Got some main deck planking renewed in Cape Town and caulked and pictched. The deck is holding up well after all these years. We laid these decks in 1996. Simple 3″ white pine, oiled of course. The foc’sle head planks are of some Estonian pine I got in Denamrk in 1993 to cover the huge cargo hatch she had at the time. We used that up in one place to see how it would do. The engine room looks sharp and purrs along sweetly these days under our quiet engineer, Julien. Our Danish bosun Line (pronounced “leen-uh”) is one of the best we have ever had in that role. She started out as deckhand but grew into the job swiftly.
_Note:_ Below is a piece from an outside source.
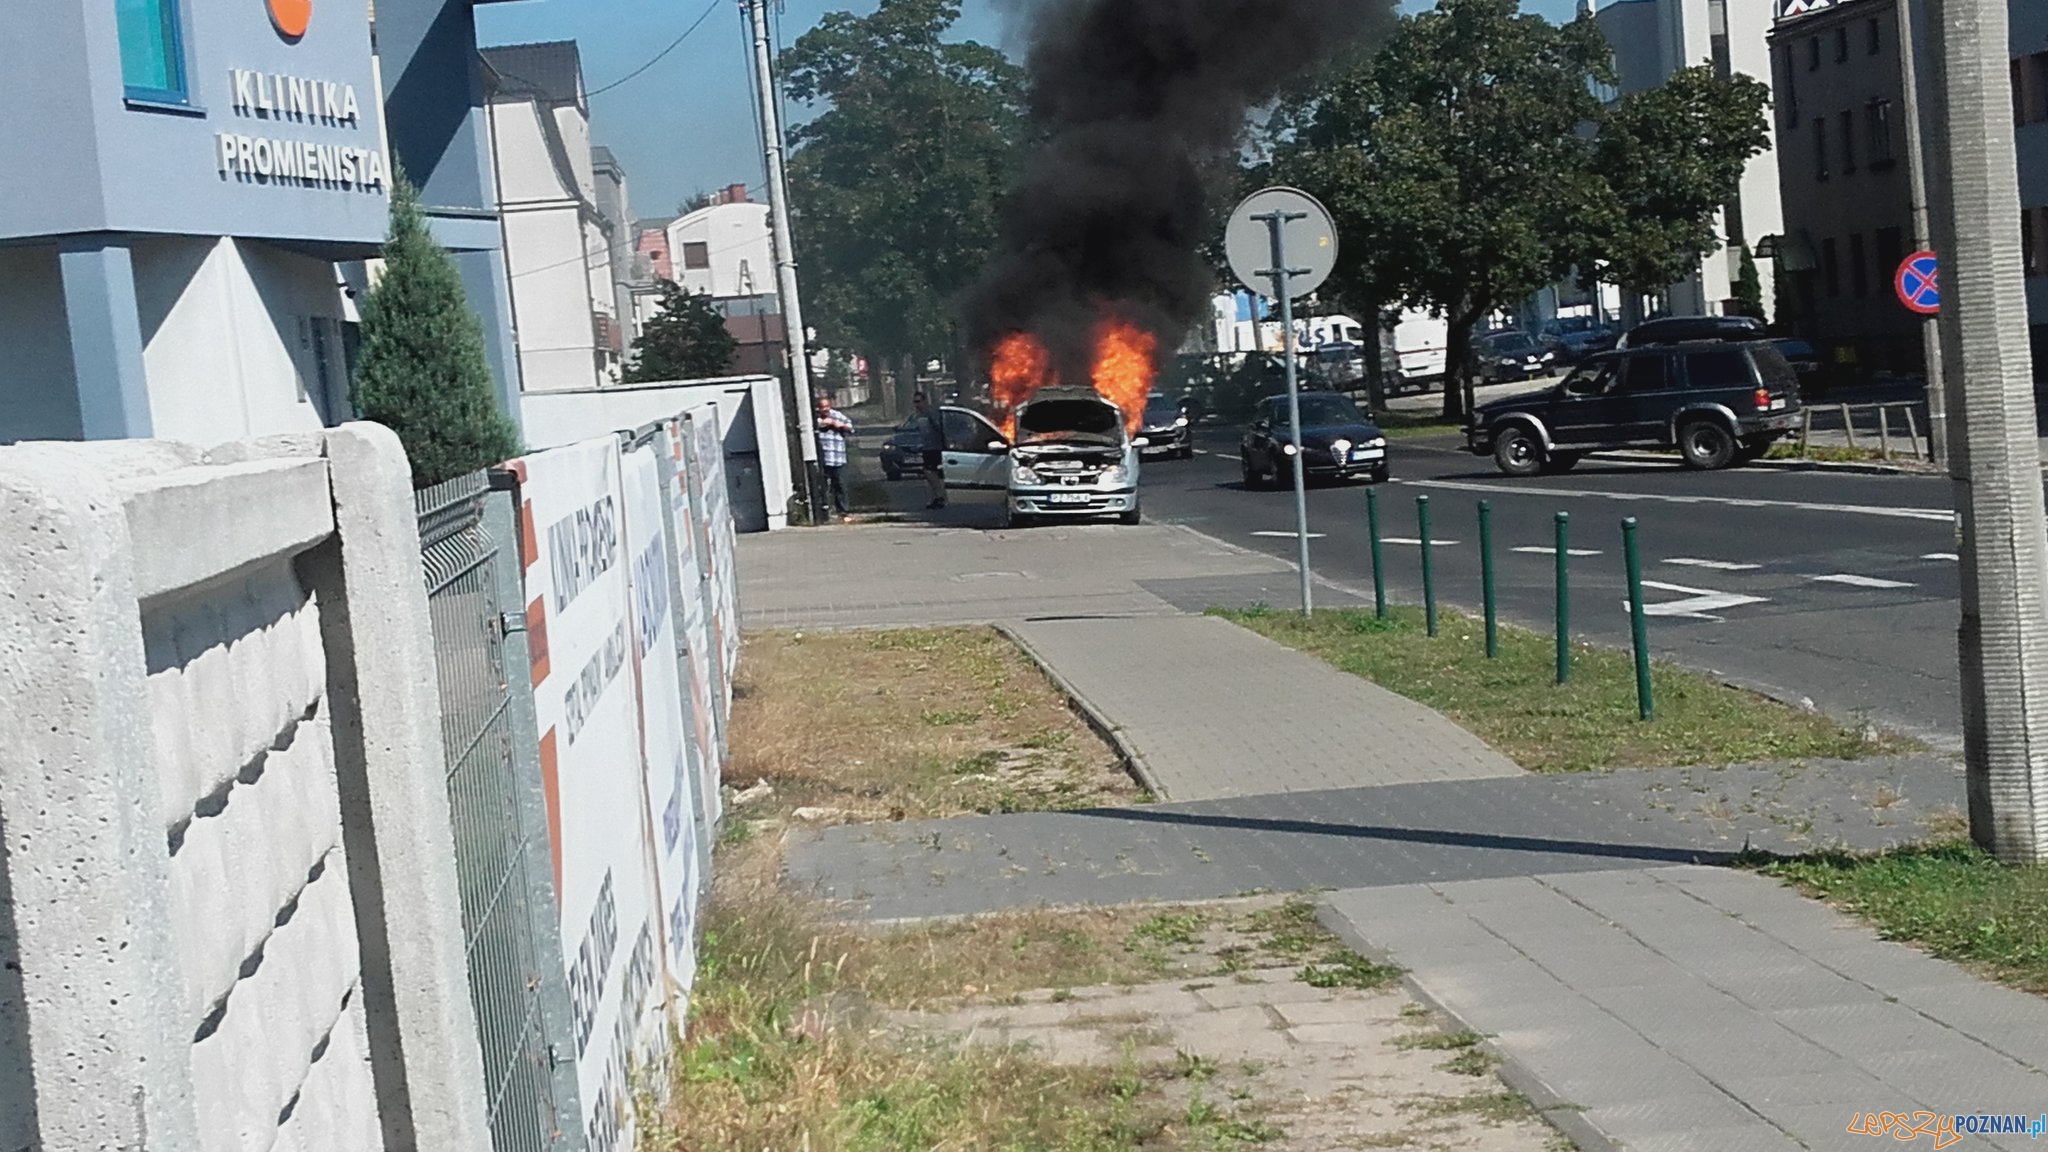 Pożar samochodu na Promienistej  Foto: twitter @LeszczynskiR
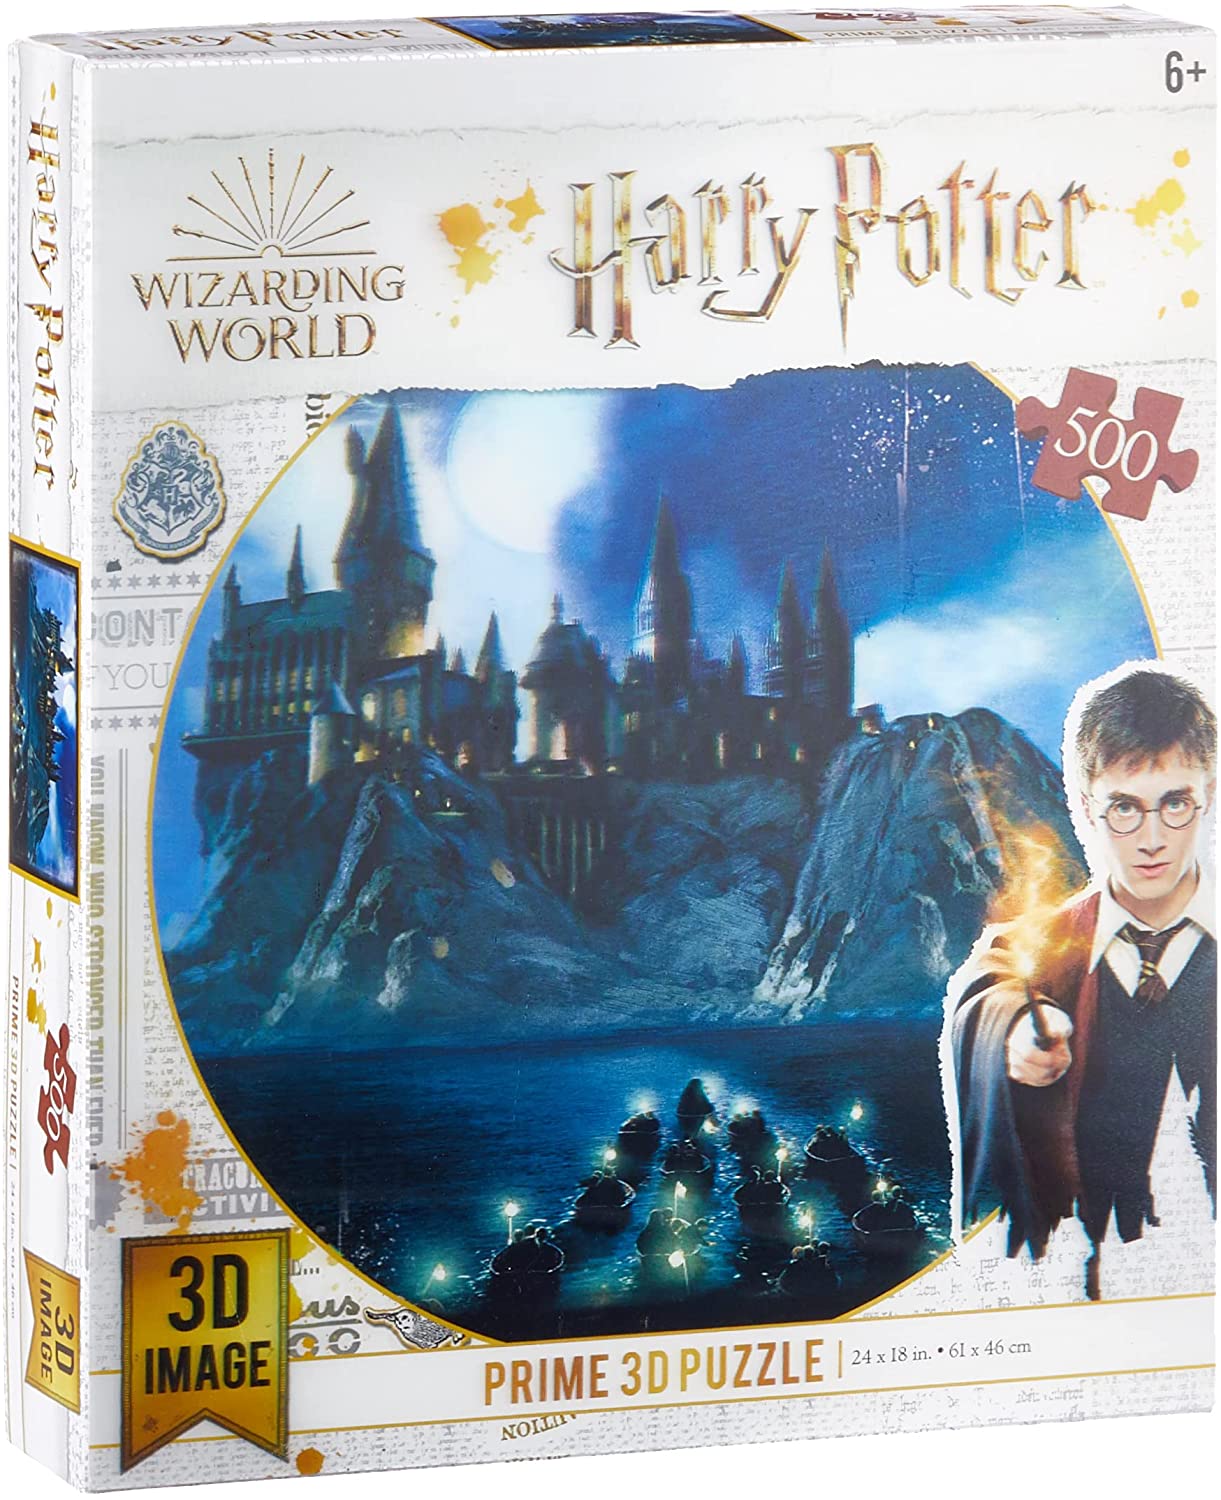 Harry Potter Prime 3D Puzzle | 3D Image | 500 Pieces

She had been in Danmark for 6 months, 3 years in Christian Radich and other ships, even around Cape Horn in the big bark Statsraad Lehmkuhl. But as good as that experience is, being bosun is an attitude, a way of thinking and seeing things, not just experience, and she is simply outstanding. Organized, smart, excellent leadership talent she is. Thinks things through. Takes direction but has her own mind. Perfect.

We have had some light rain squalls from time to time the last few days. Sometimes wind stealers where we wallow a bit in the passing, but never anything with any real punch. In fact, this entire voyage we have not had much in the way of  one of those notoriously nasty, arching, terrifying, barbed-wire, hairball devils of a tropical lay-her-down squalls. We have been in very strong rain driven winds for half a day or so but it was not really a squall. I have yet to see one of the blilious lee bow, black nasties crawling up to windward on this voyage. This could yet change.

We are coming up to The Line, the Equator, with a number of pollywags aboard, all lovely folks too, but no doubt they have secret crimes that will be revealed at Neptune’s Court. Should He choose to convene His Royal Court on board.

11-year-old Dawson is getting along with his schooling. Purser Tammy is working on accounts in the messroom and helps on roping sails. We have the occasional Captain’s Dinner in the mess-room with a mix of crew. Nice to have a good sit-down dinner and chat about things. Donald gets to show off his cruise-ship culinary presentation arts at these dinners and that is altogether lovely.

Headed for the Lesser Antilles where I hope to to have a good four to five weeks in among some of the sweetest islands anywhere. Looking forward to that a lot.

Gaff topsail is bent and set by the way. Today we start to shape a new t’gallant yard. Clara is taking the lead on this.